For detailed information about Snowflake storage integrations and external stages, refer to:

Required Permissions

To use Snowflake as a Chalk datasource, the user or role specified in your integration must have the following permissions:

  • USAGE on the warehouse, database, schema, and stage
  • SELECT on all tables and views being queried
  • READ on the stage
  • WRITE on the stage
  • CREATE TEMPORARY TABLE in the schema
  • DROP on temporary tables in the schema

Chalk creates temporary tables during feature computation to push down filters to optimize your query loads. In addition, Chalk uses the stages to optimize data unloading.

Setup RBAC

Here’s an example of setting up a role with the appropriate permissions:

-- Set variables
SET ROLE_NAME='CHALK_ROLE';
SET WAREHOUSE_NAME='<warehouse_name>';
SET DB_NAME='<database_name>';
SET SCHEMA_NAME='<schema_name>';
SET STAGE_NAME='<stage_name>';
SET INTEGRATION_NAME='<integration_name>';
SET USER_NAME='<chalk_user>';

-- Derived variables
SET QUALIFIED_SCHEMA_NAME=concat($DB_NAME, '.', $SCHEMA_NAME);

-- Create a role for Chalk
CREATE ROLE IF NOT EXISTS IDENTIFIER($ROLE_NAME);

-- Grant warehouse permissions
GRANT USAGE ON WAREHOUSE IDENTIFIER($WAREHOUSE_NAME) TO ROLE IDENTIFIER($ROLE_NAME);

-- Grant database/schema permissions
GRANT USAGE ON DATABASE IDENTIFIER($DB_NAME) TO ROLE IDENTIFIER($ROLE_NAME);
GRANT USAGE ON SCHEMA IDENTIFIER($QUALIFIED_SCHEMA_NAME) TO ROLE IDENTIFIER($ROLE_NAME);
GRANT SELECT ON ALL TABLES IN SCHEMA IDENTIFIER($QUALIFIED_SCHEMA_NAME) TO ROLE IDENTIFIER($ROLE_NAME);

-- Grant temporary table permissions
GRANT CREATE TEMPORARY TABLE ON SCHEMA IDENTIFIER($QUALIFIED_SCHEMA_NAME) TO ROLE IDENTIFIER($ROLE_NAME);

-- Grant storage integration and stage permissions (if using data unloading)
GRANT USAGE ON INTEGRATION IDENTIFIER($INTEGRATION_NAME) TO ROLE IDENTIFIER($ROLE_NAME);
GRANT USAGE ON STAGE IDENTIFIER($STAGE_NAME) TO ROLE IDENTIFIER($ROLE_NAME);
GRANT READ, WRITE ON STAGE IDENTIFIER($STAGE_NAME) TO ROLE IDENTIFIER($ROLE_NAME);

-- Assign role to user
GRANT ROLE IDENTIFIER($ROLE_NAME) TO USER IDENTIFIER($USER_NAME);

Setup Snowflake Integration with AWS

Chalk can optimize large query result transfers by unloading data to a Snowflake stage and reading it from cloud storage. This is particularly useful for large feature computations. Using a storage integration with IAM authentication is the recommended approach as it avoids managing long-lived credentials.
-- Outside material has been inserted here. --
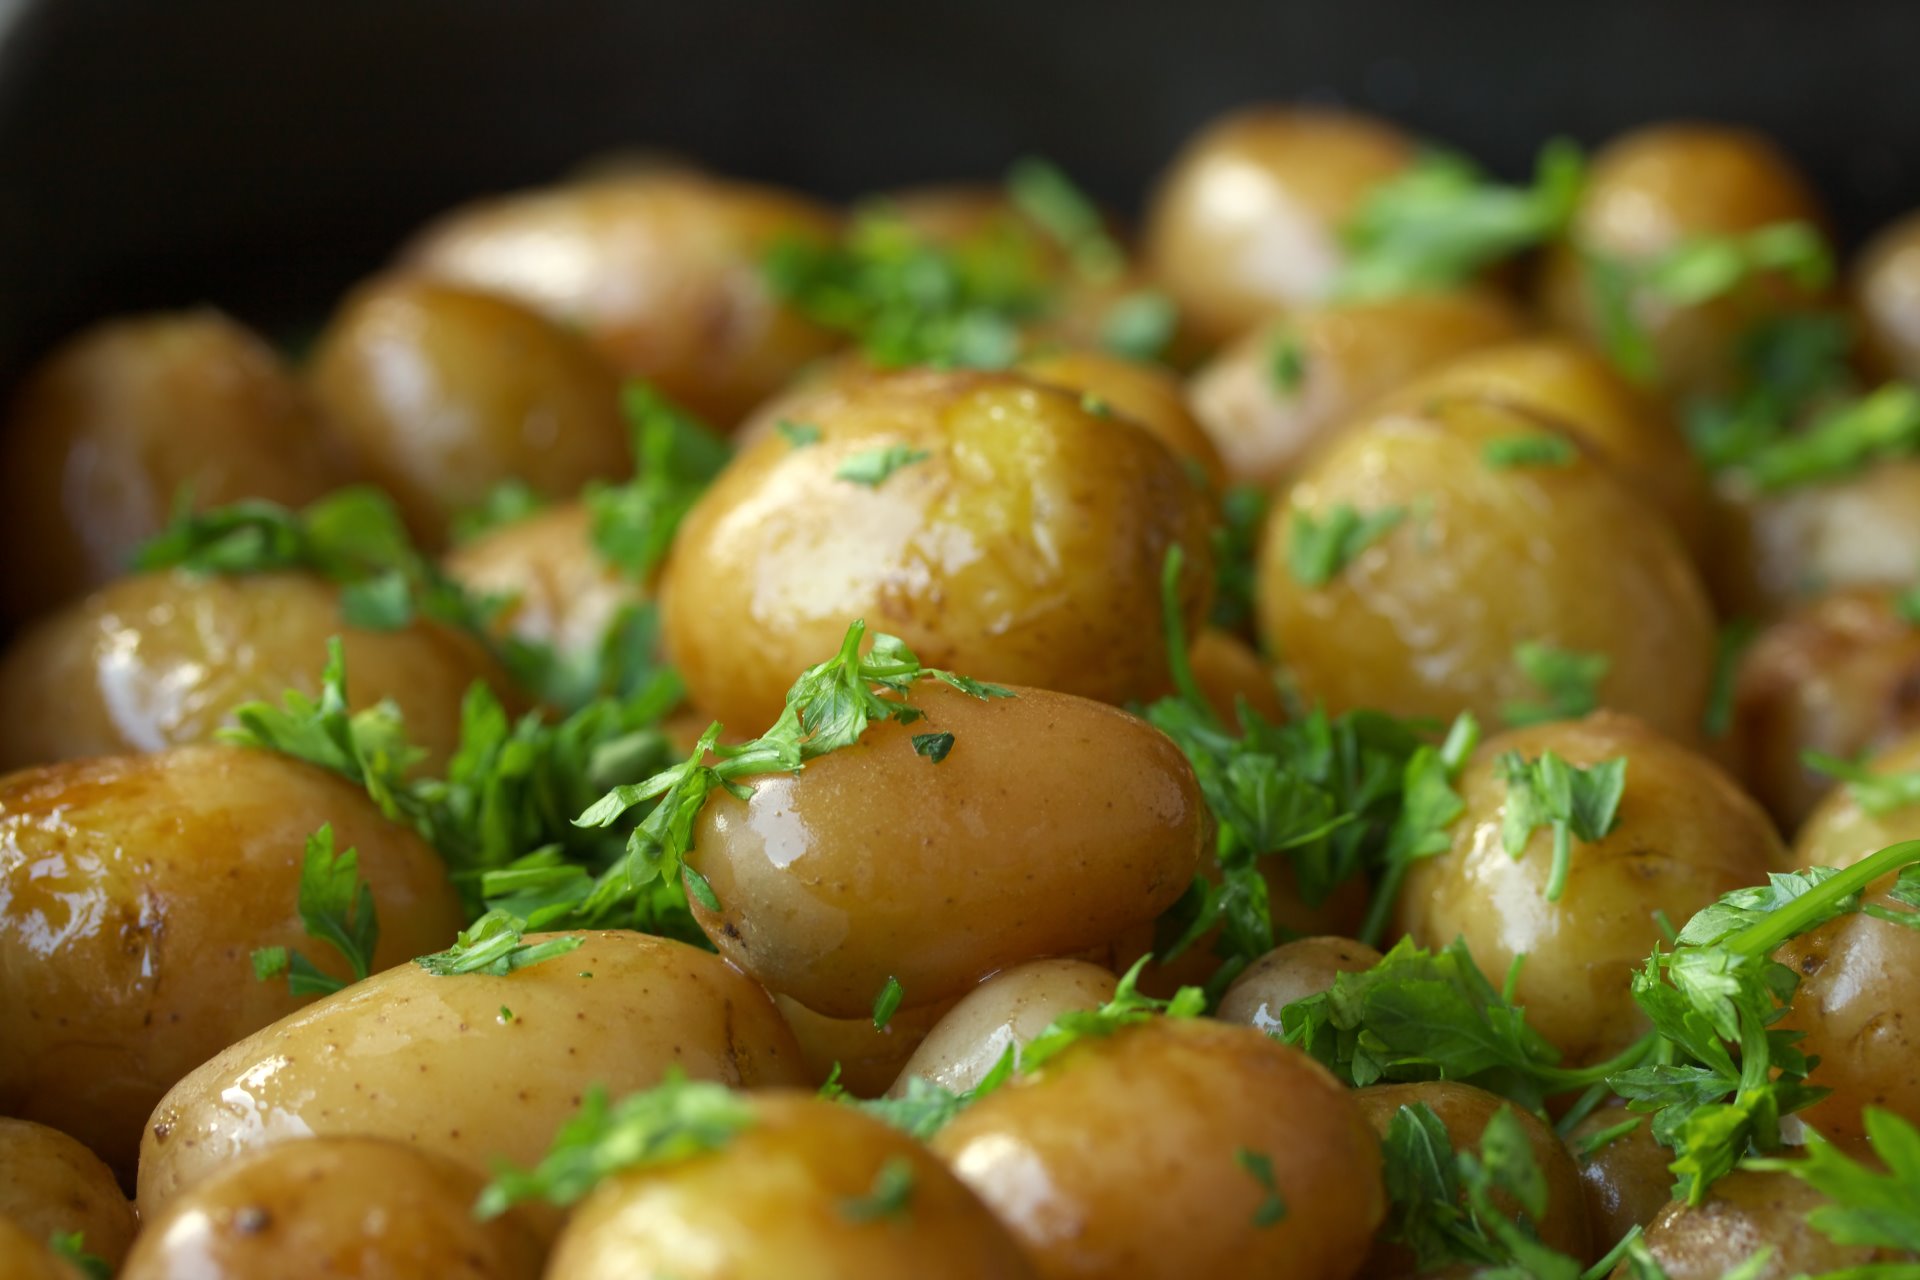 Boiled potato as alternative to chips

1. Create or Verify Storage Integration

-- Set variables (customize these for your environment)
SET ROLE_NAME='CHALK_ROLE';
SET INTEGRATION_NAME='s3-integration-chalk-data-bucket';
SET AWS_ROLE_ARN='arn:aws:iam::<aws_account_id>:role/chalk-offline-store-access-role';
SET S3_BUCKET='s3://chalk-data-bucket/';

-- Create storage integration if it doesn't exist
CREATE STORAGE INTEGRATION IF NOT EXISTS IDENTIFIER($INTEGRATION_NAME)
  TYPE = EXTERNAL_STAGE
  STORAGE_PROVIDER = 'S3'
  STORAGE_AWS_ROLE_ARN = $AWS_ROLE_ARN
  ENABLED = TRUE
  STORAGE_ALLOWED_LOCATIONS = ($S3_BUCKET);

-- Verify integration and get Snowflake credentials
DESCRIBE INTEGRATION IDENTIFIER($INTEGRATION_NAME);

From the DESCRIBE INTEGRATION output, record these values for Step 4:

  • STORAGE_AWS_IAM_USER_ARN - The Snowflake IAM user ARN
  • STORAGE_AWS_EXTERNAL_ID - The external ID for AWS trust policy

2. Create AWS IAM Role

This role will be assumed by Snowflake to access the S3 bucket.
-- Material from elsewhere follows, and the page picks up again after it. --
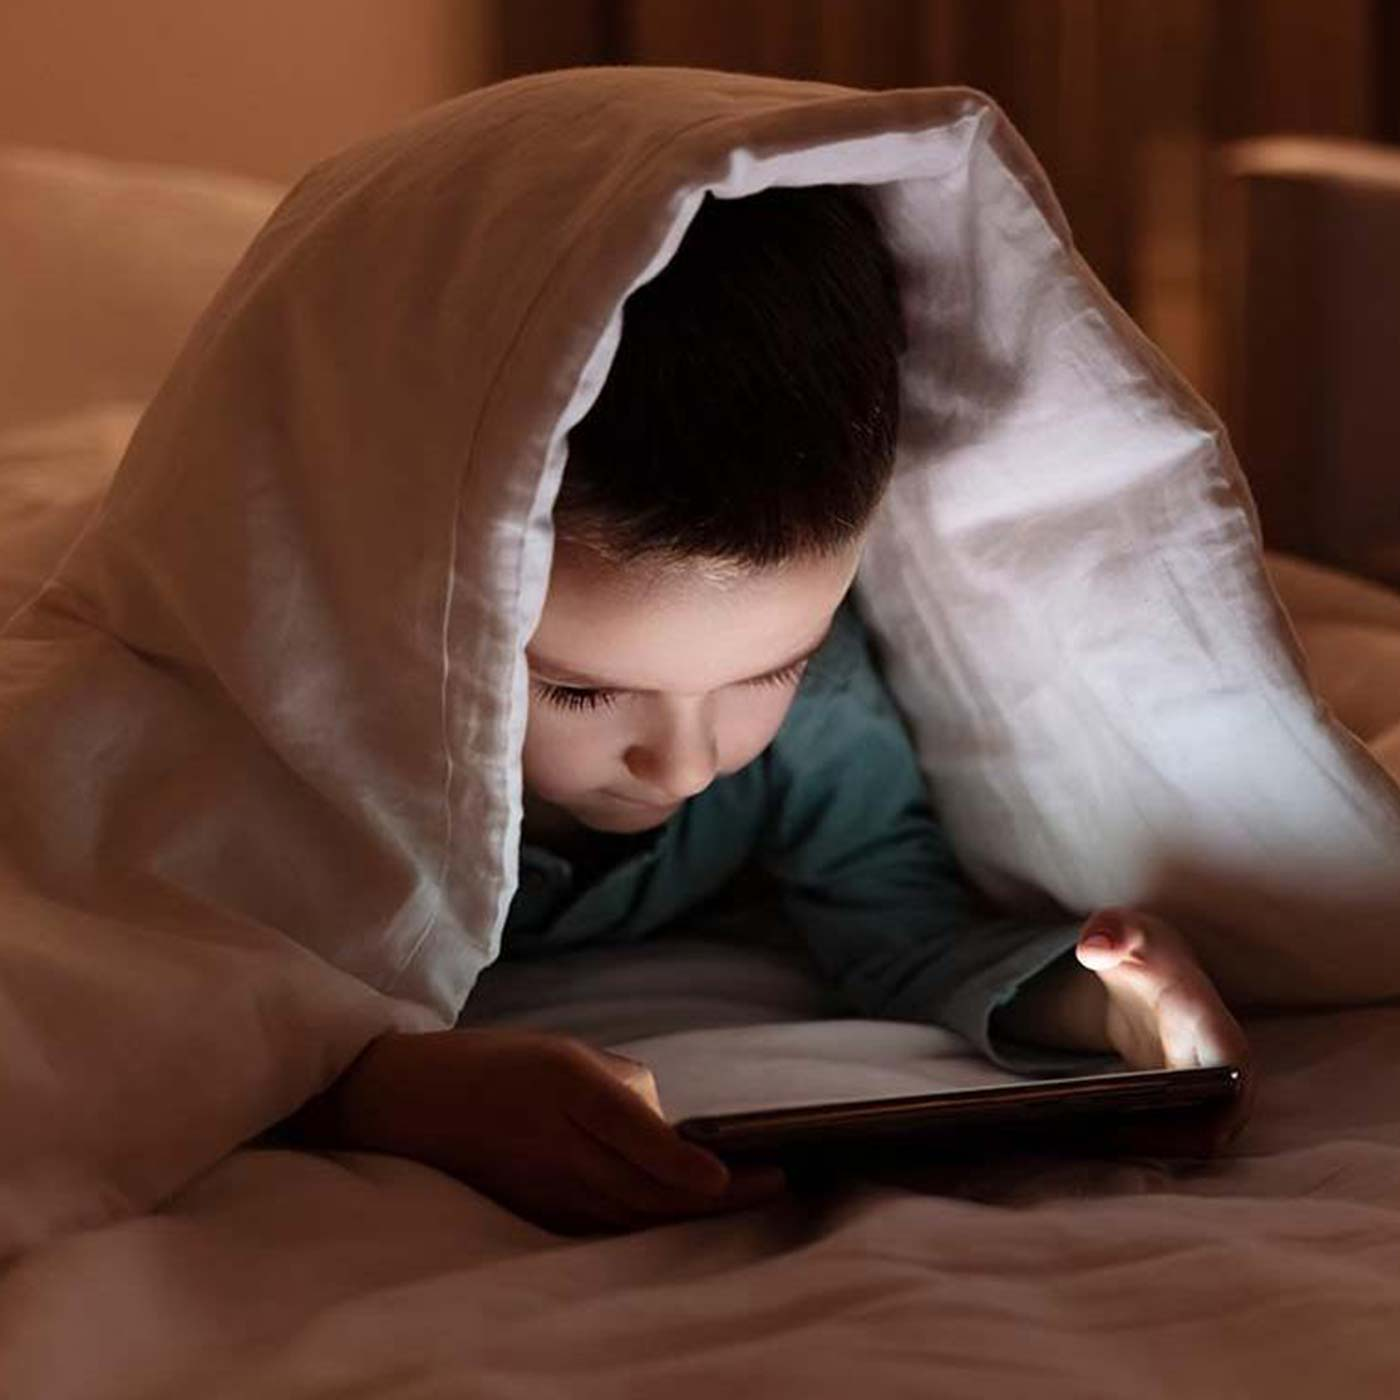 'A little scary': Huge study reveals shocking impact excessive screen time has on kids

Follow the Snowflake IAM Role documentation to create a role named chalk-{organization}-offline-store-access-role.

When setting the trust policy, use a temporary placeholder with your AWS account ID and external ID "0000". You will update this with actual Snowflake credentials in Step 4.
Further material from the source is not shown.